Interviews with Ian Fleming

This is a transcription from a now-lost TV interview. My thanks once again to the fellow researcher and collector who kindly sent me the transcript.

Tonight (April 16, 1962)

He wore a dark blue belted raincoat and a soft black hat pulled rather far down. Carefully, almost too carefully, he lit a cigarette, a cigarette with three distinctive gold rings, blended for him from a Balkan tobacco mixture by Morland’s of Grosvenor Street. With a look of cold, measured passion, he moved forward in his hand-made brown suede shoes. Deftly he slipped a point two five berretta out of its chamois leather holster, took aim and fired. James Bond, Secret Agent no. 007, had arrived. In fact, James Bond, as every addict knows, arrived ten years ago, bringing with him a smart-set world of iced vodka, martinis, Caribbean yachts, scent by Guerlain, Bentley Continentals, all the most expensive flesh pots. It’s also a world of naked flesh either in sexual collision or under sexual assault from weapons as varied as a carpet beater and the tail of a sting ray.

KENNETH ALLSOP: James Bond’s creator is Mr. Ian Fleming and the latest Bond adventure, The Spy Who Loved Me, is published today. Now Mr. Fleming, this new Bond book of yours, in fact it’s told by a girl, it doesn’t include any kind of death or violence until about half way through and Bond, himself, doesn’t appear until two thirds of the way through. Now do you think you’re getting a little bored with your hero?

IAN FLEMING: No, I never get bored with him at all but I think that if you write about a serial character, in the end you’ve got to find themes for the other end of the gin muzzle, so to speak, and I’ve tried in this book—I don’t know how successfully—to examine Bond from the view of somebody who got involved with him.

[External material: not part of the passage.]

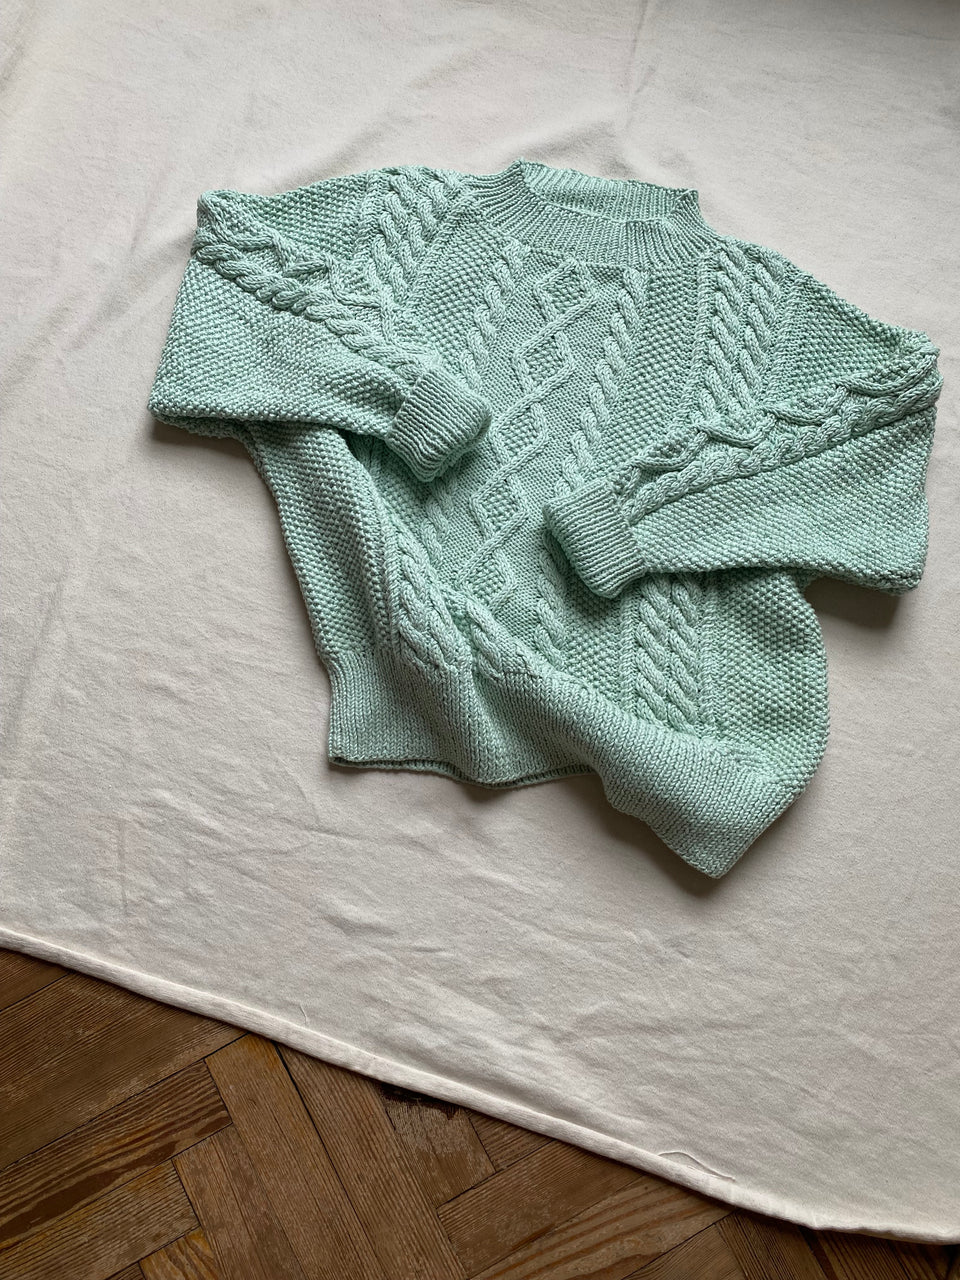 SWEETGRASS jumper / indian cotton / mint ice / sample / 2 sizes available

ALLSOP: Well, you said in a letter to the Guardian in exchange with an editorial they wrote about your books, you did seem rather to regret that you’d saddled Bond with what you called then his vulgar foibles and gimmickry. Do you still feel that you wish you hadn’t done this?

FLEMING: Well, Bond got himself involved. I’d meant him to be a perfectly straightforward instrument of Government, or secret government let’s call it, a blunt instrument who was extremely effective and efficient. I didn’t mean him to become a hero. He wasn’t supposed to be a hero. He was supposed to be extremely efficient.

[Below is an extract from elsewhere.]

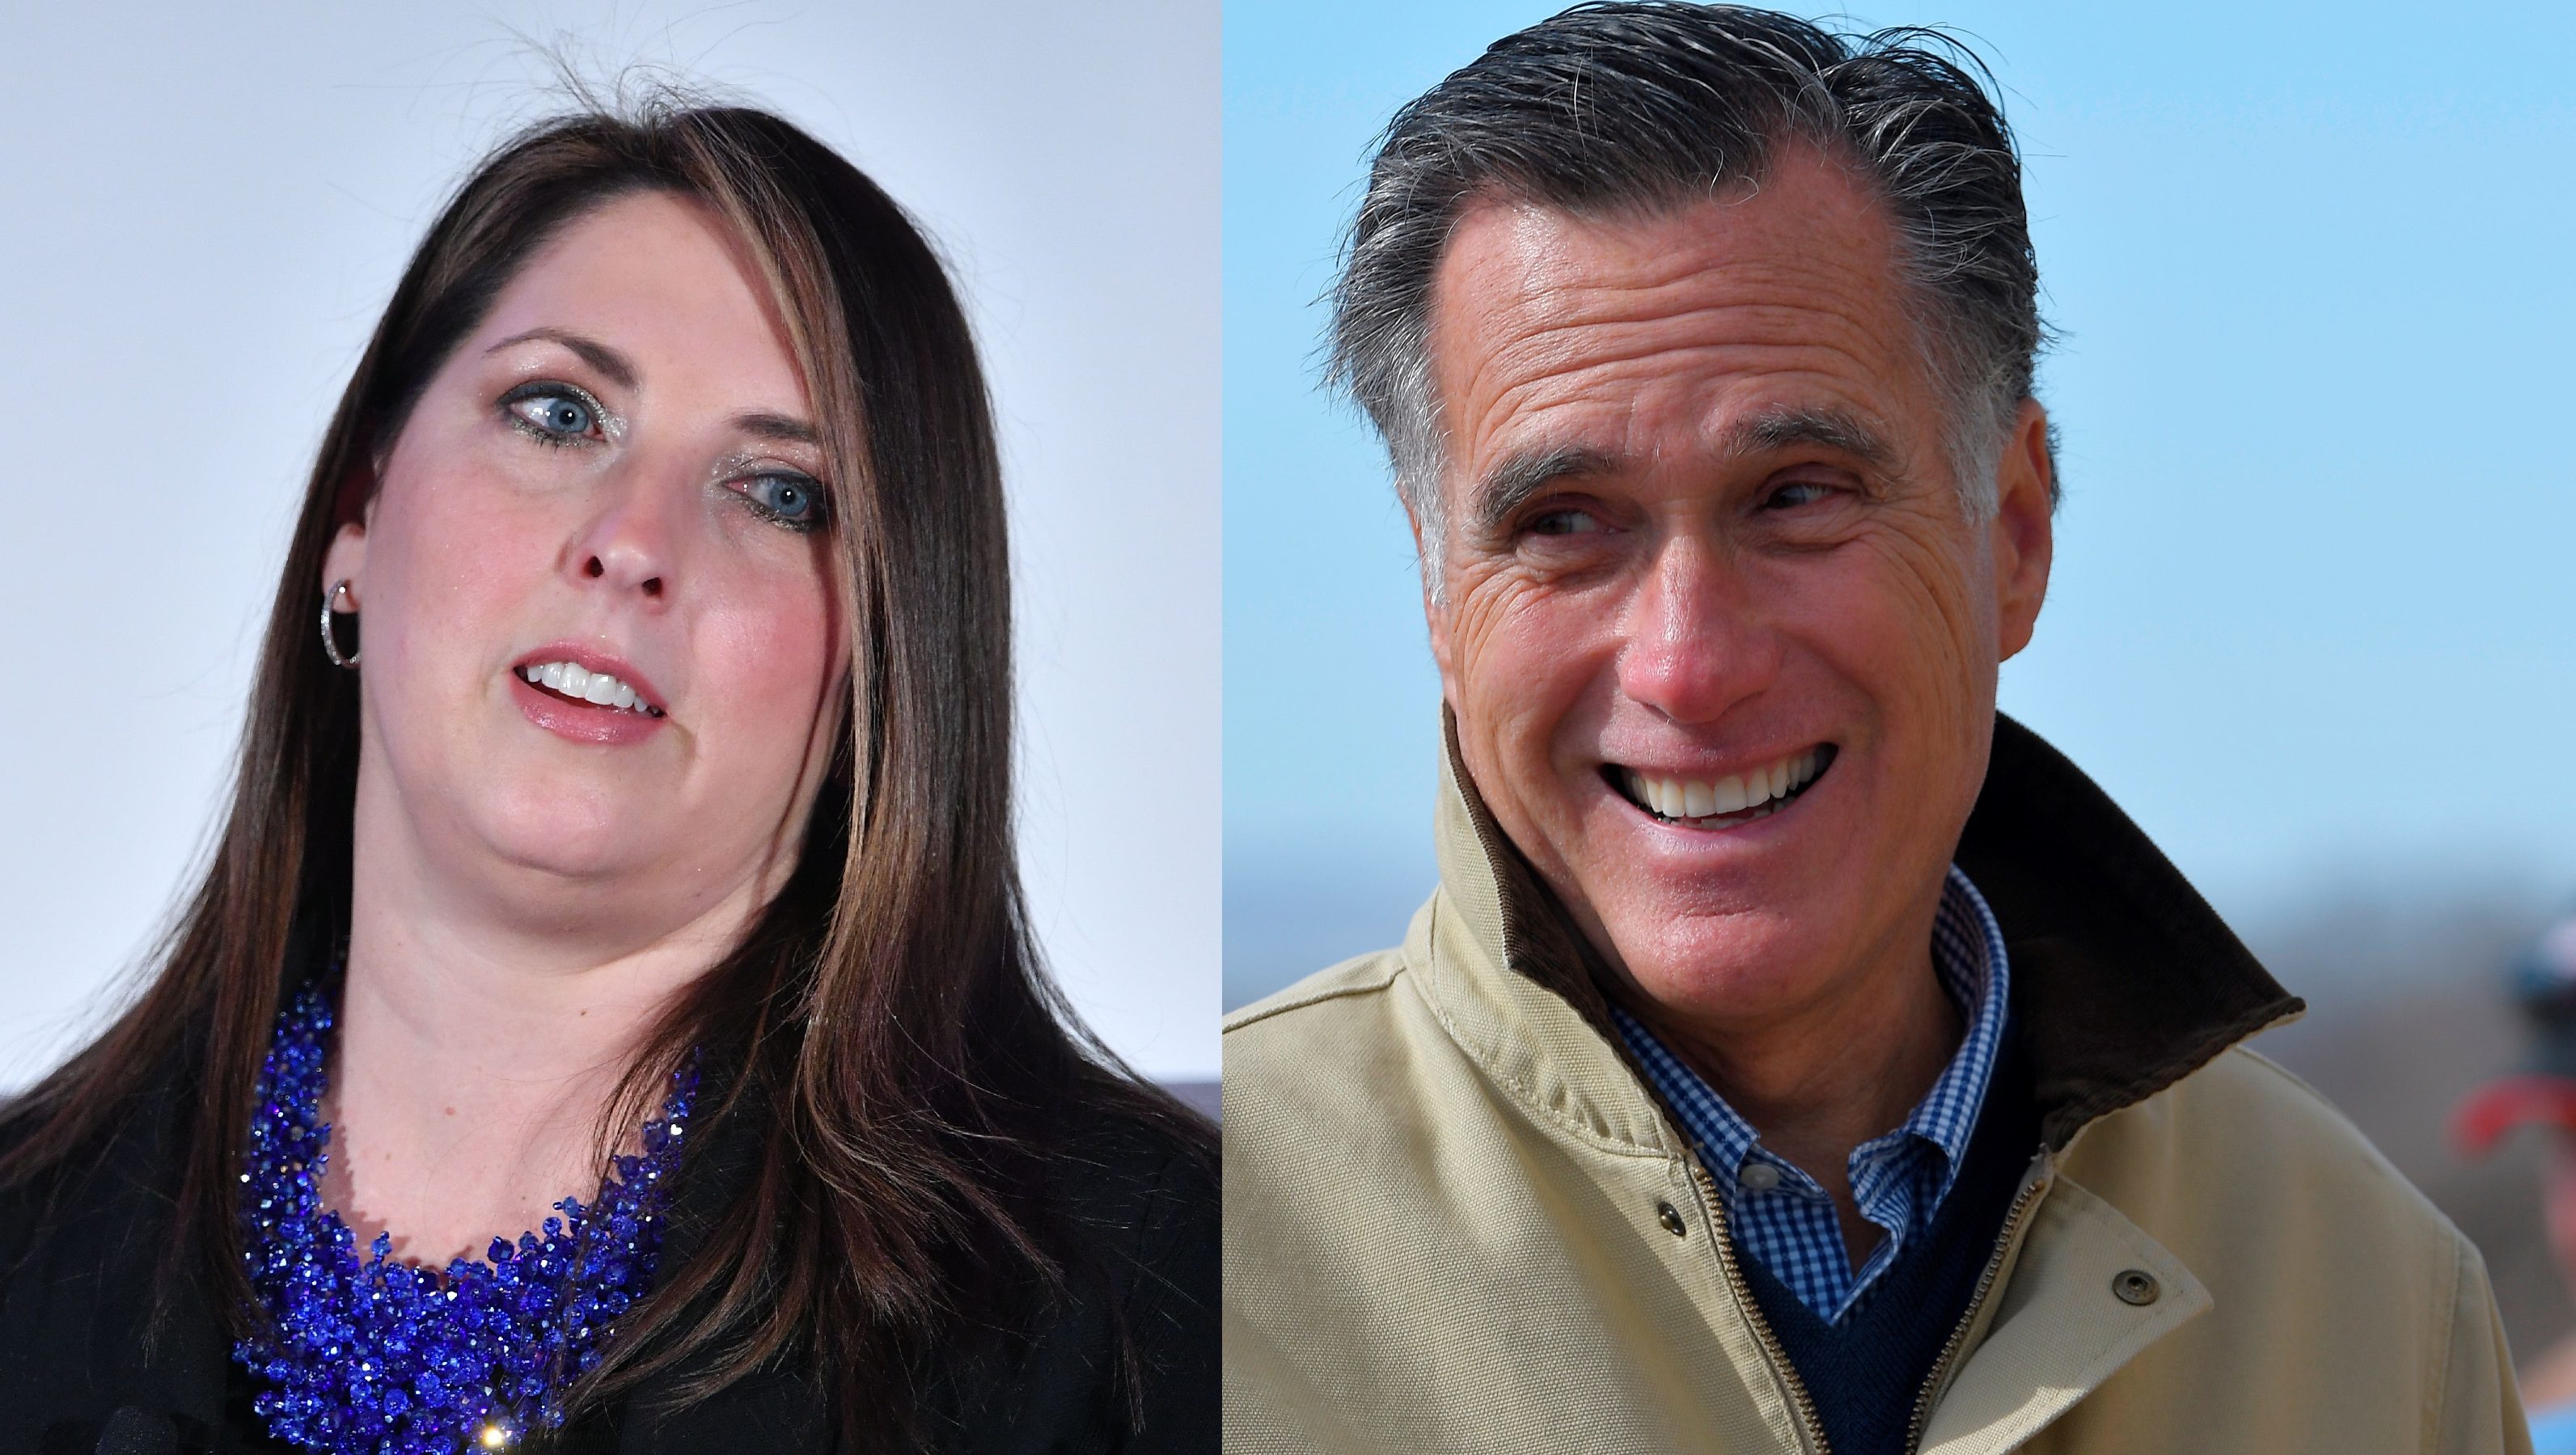 Ronna McDaniel & Mitt Romney How Are They Related?

ALLSOP: I know that some things in this new book of yours that I think are going to frustrate Bond’s admirers, you know. To begin with, there’s no refined torture of any kind, the sexes are very straightforward and, in fact, your only detailed mention of clothes is, I think if I remember rightly, the black matador pants of the heroine and her turtle neck sweater. Now I wondered if this might mean that you were aiming at a new market, perhaps the women’s market?

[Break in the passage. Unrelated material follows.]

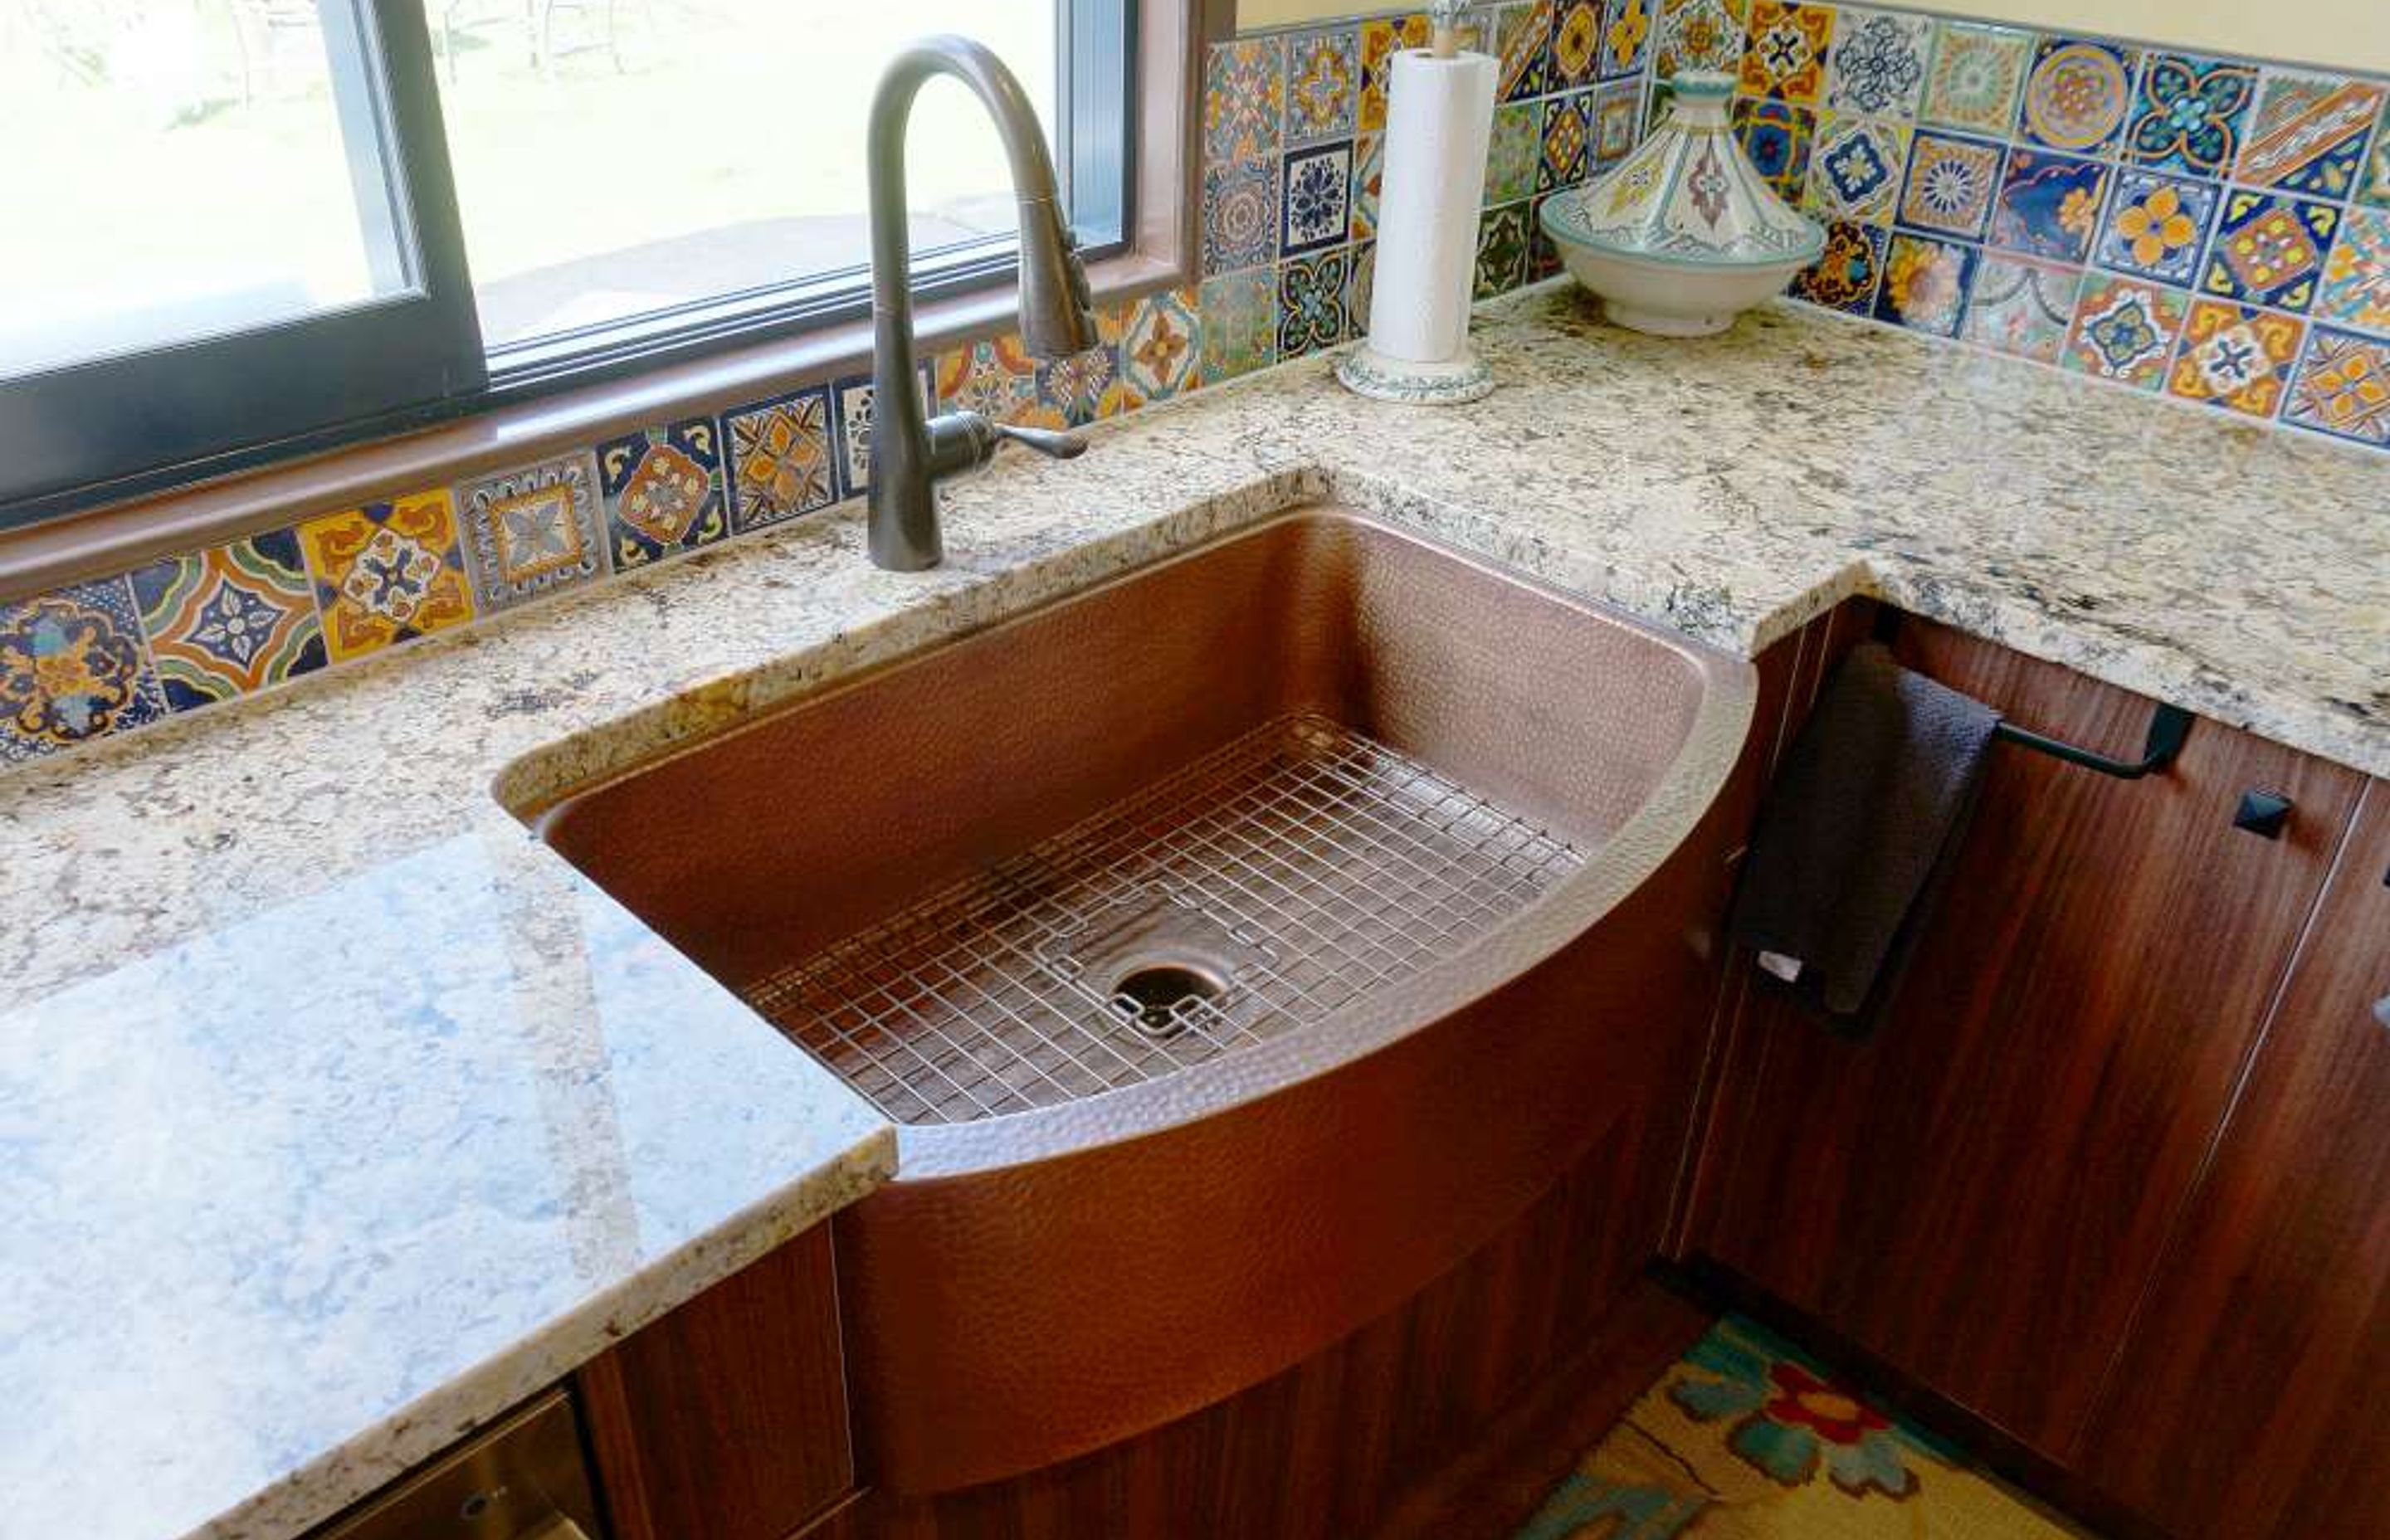 Brass sink and dull brass tap used to make the kitchen look rustic yet traditional

FLEMING: No, I’ve got no commercial intentions at all. I just write as I please. I like to write about James Bond because I like to write about his adventures. I’m not very interested in him as a character. I’m much more interested in the things that happen to him.

ALLSOP: This rather surprises me because now you’ve been said to have President Kennedy and Anthony Eden among your readers. Do you mean to say then that you’ve never consciously made James Bond the kind of top people’s hero?

FLEMING: No, very much the opposite, and I think that probably the sales figures of my books would show that. I mean that my Pan book paperback edition here and the New American paperback edition in America sold far more copies than my hardcover editions do and I don’t aim…

ALLSOP: That means a different kind of public altogether.

FLEMING: That means a different kind of public and I don’t aim at any particular public, I just enjoy writing these books. I mean, perhaps the zest that I put into them is too much for people or for some people but it is zest anyway.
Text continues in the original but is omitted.